Sustainability in our Creameries
Our creameries are where our talented employees make magic happen; the alchemy of turning fresh milk into award-winning dairy products.
The creameries are also home to a wide variety of sustainability initiatives, paying particular attention to energy, water, waste, and safety. A key part of sustainability is recognizing opportunities for improvement, managing resources, and identifying solutions. Through collaboration with key partners including the Innovation Center for U.S. Dairy, supply chain and service partners, and through employee-led initiatives at our own facilities, we are actively working to better manage our impacts. Learn more about Our Pledge to Sustainability.
Upcycling and Resource Conservation
In 2014, we invested in a project that would save water, conserve resources, and increase productivity at our Cabot campus. Using a process that extracts water from whey (a natural byproduct of cheesemaking), through reverse osmosis, we upcycle 50% of all water on our Cabot Campus. The water is filtered, pasteurized, and disinfected before being used for things like cleaning out Cabot milk trucks. To further conserve water and keep up with increased capacity at our Cabot Campus, we upgraded our Milk Receiving Bay clean-in-place (CIP) system in 2023. This system increased our water recovery ability and minimized the volume of wash water we generate. In addition to 700,000 gallons/year of water savings, this system reduces cleaning product usage, truckloads of water, diesel fuel expenses, and wash water truck mileage.

Examples of resource conservation at our Cabot Campus include several product packaging projects over the past several years:
- In 2022, our sourcing and procurement team reduced the amount of cardboard in our corrugated boxes. This process, called “light weighting,” saves 419,000 sq. feet of corrugated cardboard annually, the equivalent of seven football fields.
- In 2023, we switched up our cultured containers from an injection mold technology to thermoform technology. Thermoform technology consumes less plastic resin and allows for greater precision. By moving to thermoformed containers, we reduced our cultured packaging plastic resin usage by 19%, inbound corrugated cases by 17% (more containers in a case), and inbound pallet usage by 18% (more containers on a pallet).

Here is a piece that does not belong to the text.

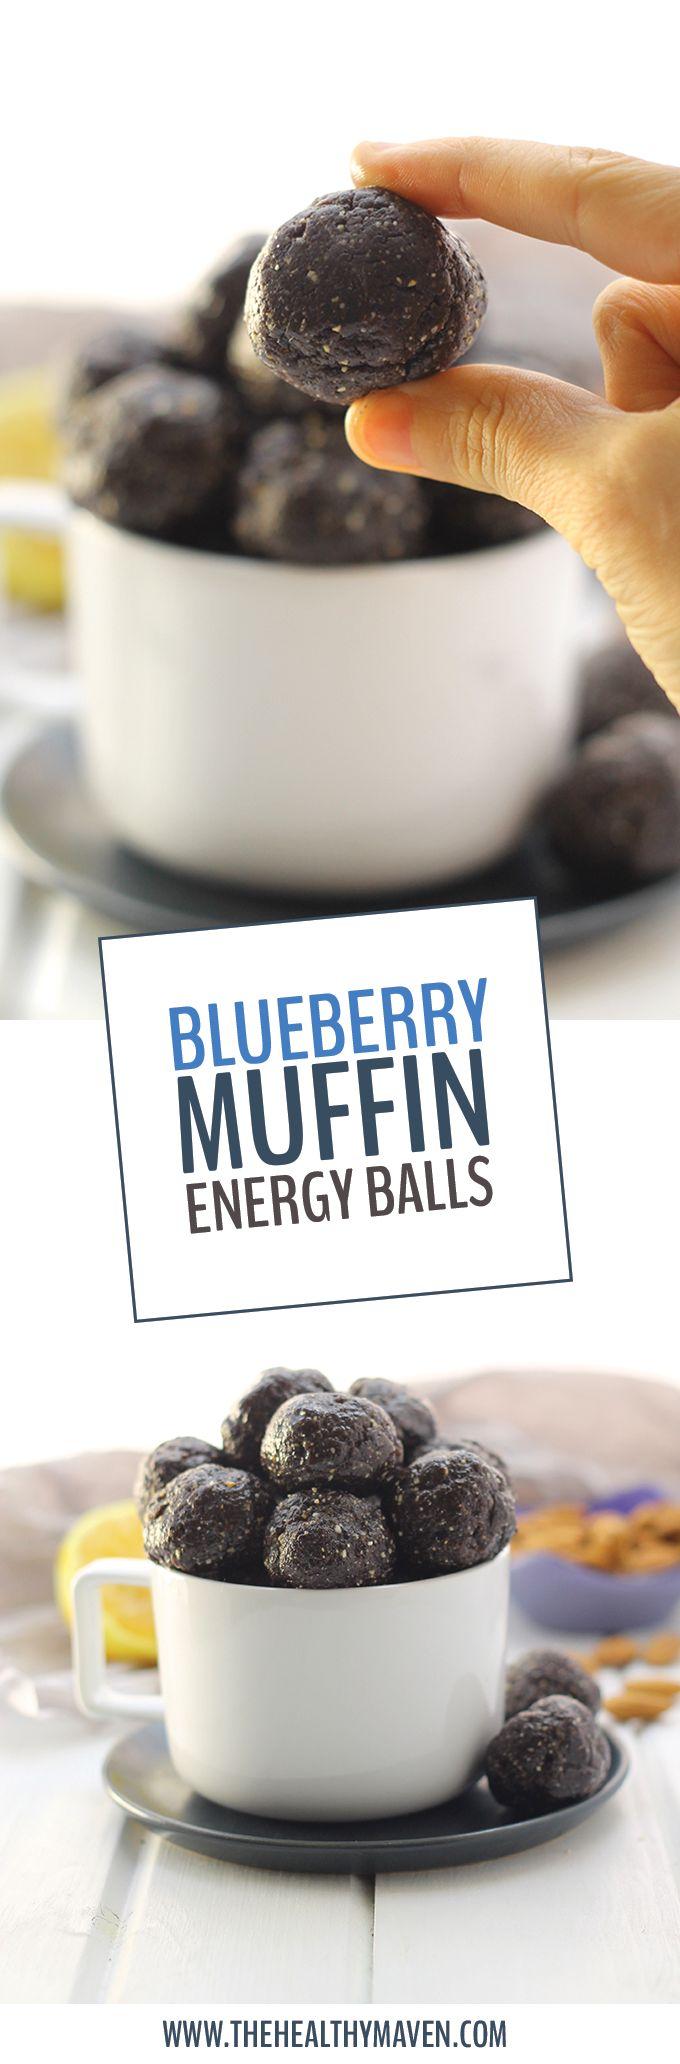 blueberrymuffinpin

- After receiving and executing a grant from Northeast Dairy Business Innovation Center (NE-DBIC) from 2023-2025 to research sustainable packaging alternatives, Cabot transitioned our 8 oz. dairy blocks to 30% Post Consumer Recycled (PCR) Packaging. This packaging change results in 30% less single-use plastic, which leads to a 23% decrease in fossil fuel emissions and 19% decrease in water usage.

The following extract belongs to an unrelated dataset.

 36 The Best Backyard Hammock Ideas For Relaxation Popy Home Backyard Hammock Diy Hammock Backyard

From updating our yogurt container configuration, “light weighting” our corrugated boxes, to transitioning our 8 oz. dairy blocks to 30% PCR packaging we are managing resources and making incremental environmental impacts while maintaining product quality, taste, and consistency.

Circularity Initiatives
At Cabot, we are proud of our farmers’ high-quality milk and are committed to using every drop to make our award-winning dairy products. Our network of creameries ensures that it happens through a series of innovative processes. During the cheesemaking process, milk is turned into curds and whey. The curds are made into cheese, leaving whey — a watery liquid that’s rich in protein, lactose and other vitamins—that is too good to waste. Through reverse osmosis, we are able to remove water from the whey at our Cabot campus. From there, our whey is transported to our Middlebury, VT facility where it is dried into whey powder. These whey powders are shelf stable and a great protein source for things like nutritional supplements, protein powders, and more, ensuring that our high-quality milk has many uses.

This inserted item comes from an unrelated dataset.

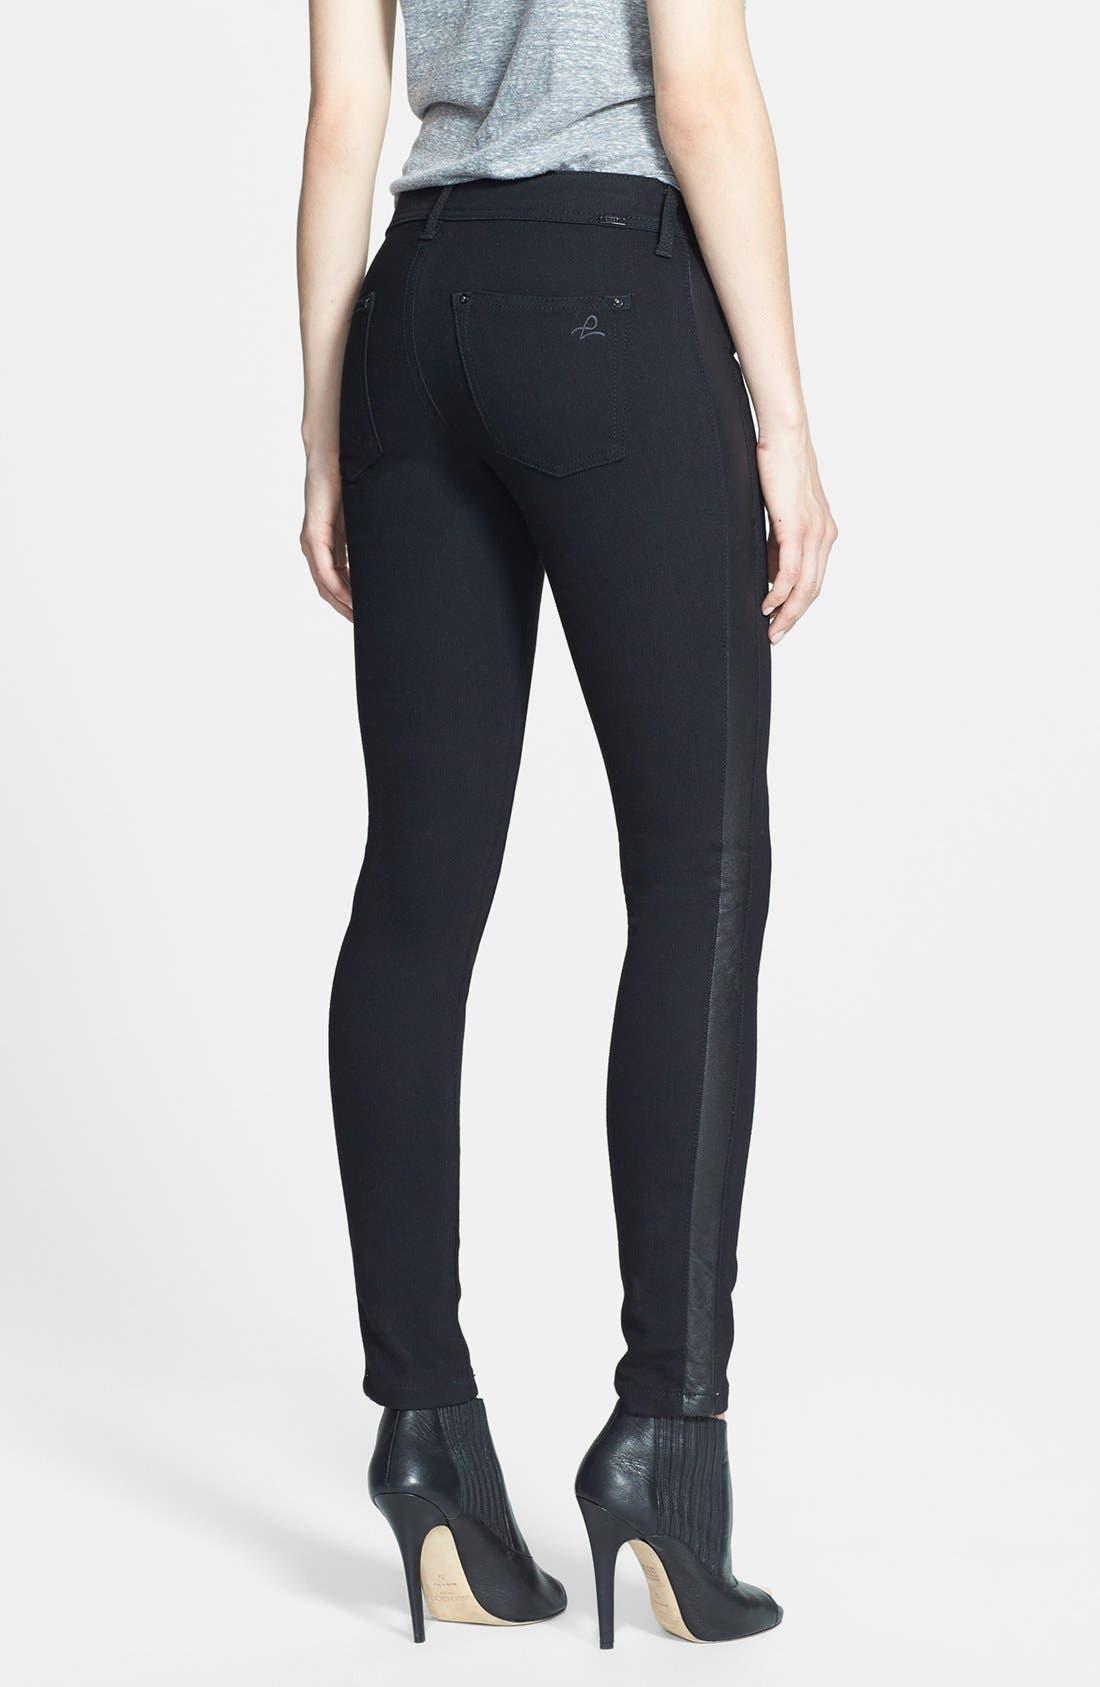 Alternate Image 2  - DL1961 'Emma' Leather Tuxedo Stripe Skinny Jeans (Ravenna)

Any excesses from cheesemaking and whey drying at our Middlebury campus are processed by an anaerobic digester. Inspired by the success of anaerobic digesters on our farms, we partnered with PurposeEnergy in 2024 to create a digester for our "neighborhood" of manufacturing facilities in Middlebury, VT. This digester offers Cabot a more purposeful way to use the dairy processing byproduct which would typically be considered as waste in cheesemaking. Beyond reducing emissions from trucking, this digester is anticipated to process 100,000 gallons of byproduct per day, transforming it into clean water, natural fertilizer, and renewable electricity - enough to power hundreds of homes each year.
Farm Powered
Our award-winning butter is made with Real Farm Power
Butter was the first product we made at Cabot, and beyond its award-winning taste, it has a strong sustainability story. Through a partnership with co-op member Barstow’s Longview Farm, since 2014, the byproducts from our butter making process are fed into their digester, which creates fertilizer, heat, and electricity. What electricity the farm doesn’t use goes back to the grid, where Cabot procures it to churn our award-winning butter. In the true spirit of cooperation, this closed loop that Cabot and the Barstow’s have created shows what’s possible when people work together to solve shared challenges.